An analysis of asteroids

October 1, 2019 Bram 0 Comments

To build upon the starscape shader from my last post I took it upon myself to build an asteroids style game on top. Thankfully conventional godot gamedev is much better known to me than shader stuff so I should be able to provide some helpful insight.

The player

To start with I drew up a simple white triangle in photoshop to act as our player sprite. As the player requires custom physics this should be a kinematic body so we can interact with physics objects and control our character. Then we can add a collision shape drawn over the sprite which is a necessary child of the kinematicBody.

the kinematic body with child sprite and collision shape
the triangle image with bounding collision shape

Now a script can be attached to the root node and we can work on the player controls.

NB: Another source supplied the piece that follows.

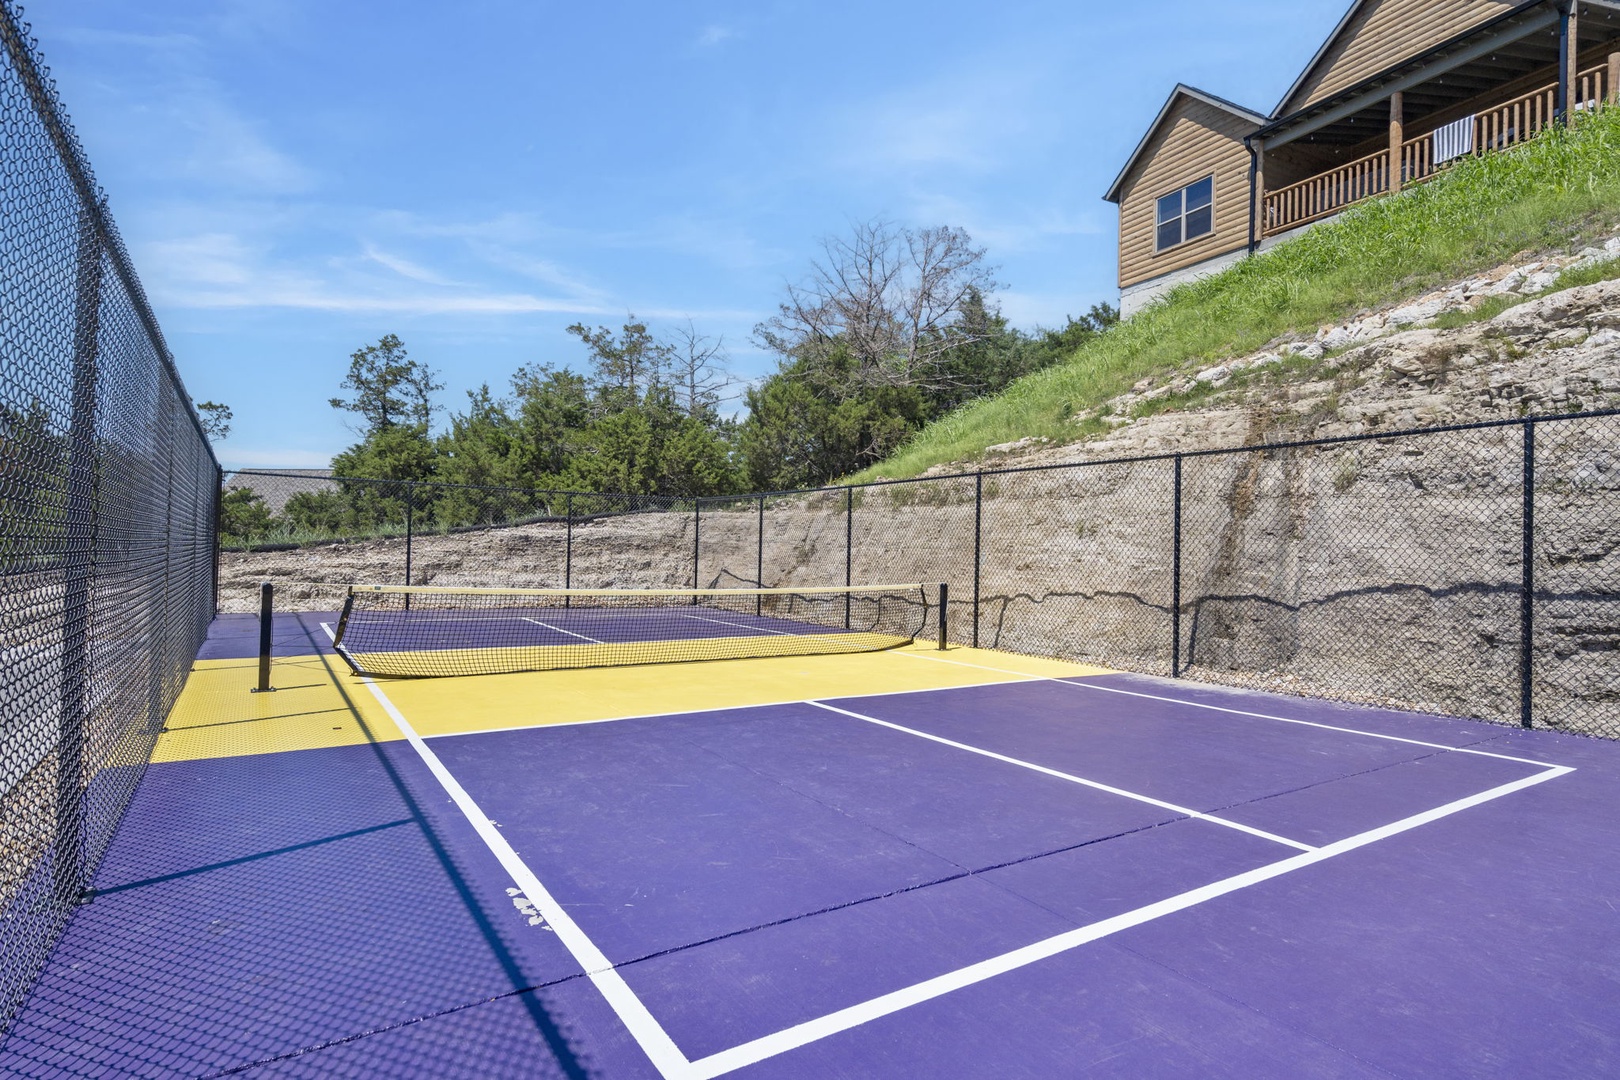 Pickleball court steps away from the front door.

We require 4 to replicate asteroids: rotate left and right, move forwards and shoot. We can poll a few default keyboard inputs in Godot from the arrow keys and space bar/ enter key, giving them placeholder functions will look like this.

func _process(delta):
	if Input.is_action_pressed("ui_left"):
		turn_left()
	if Input.is_action_pressed("ui_right"):
		turn right()
	if Input.is_action_pressed("ui_up"):
		thrust()
	if Input.is_action_pressed("ui_accept"):
		fire_weapon()

There are a few key points here that require explanation. Firstly _process(delta) is a function that runs every frame on the object with the attached script and delta is the amount of time that has passed since the last frame. Each of those functions within if blocks is a placeholder that just runs the pass command like so.

thrust():
	pass

pass tells the interpreter to do nothing. This is helpful for quick prototyping as we can write code that is well laid out without having to define all our functionality there and then and focus on whatever our most pressing matter is. This is a delightful artifact from python that I’m thankful Godot takes on board.

Input allows us to get an input from any source which we can define in the godot editors preferences. It has a few predefined shown in the image below. The is_action_pressed method lets us poll the inputs defined here and just check if the input is down. then if so run the function, this is helpful for continuous acts like movement.

the godot default inputs

Rotation

This is a relatively simple process. We need to define a rotational acceleration and maximum rotational speed. Having these two variables will allow us to control the rate of change of rotation which would feel jarring if it didn’t change over time. All we need to do is check our current rotation isn’t beyond the limit and if so increase our current spin by the acceleration (in the appropriate direction where positive is counter clockwise and negative is clockwise).

var spin = 0
var r_acc = 0.01
var max_r = 0.15

func rotate_left():
	if abs(spin) < max_r:
		spin -= r_acc
		
func rotate_right():
	if abs(spin) < max_r:
		spin += r_acc

The final part of this process is to apply our rotation in the process function so frame by frame we can update rotation.

$player.rotate(spin)

Thrust

there is a little novel jiggery pokery involved here to turn our players direction into a vector to move them by but other than that its a straightforward few steps.

var v = 0.0
var acc = 0.1
var max_v = 2.0

func thrust():
	if v < max_v:
		v += acc

as you can see the thrust method itself is a little simpler as we are only moving positively between 0.0 and 2.0 however applying this velocity is where things become a little more complicated.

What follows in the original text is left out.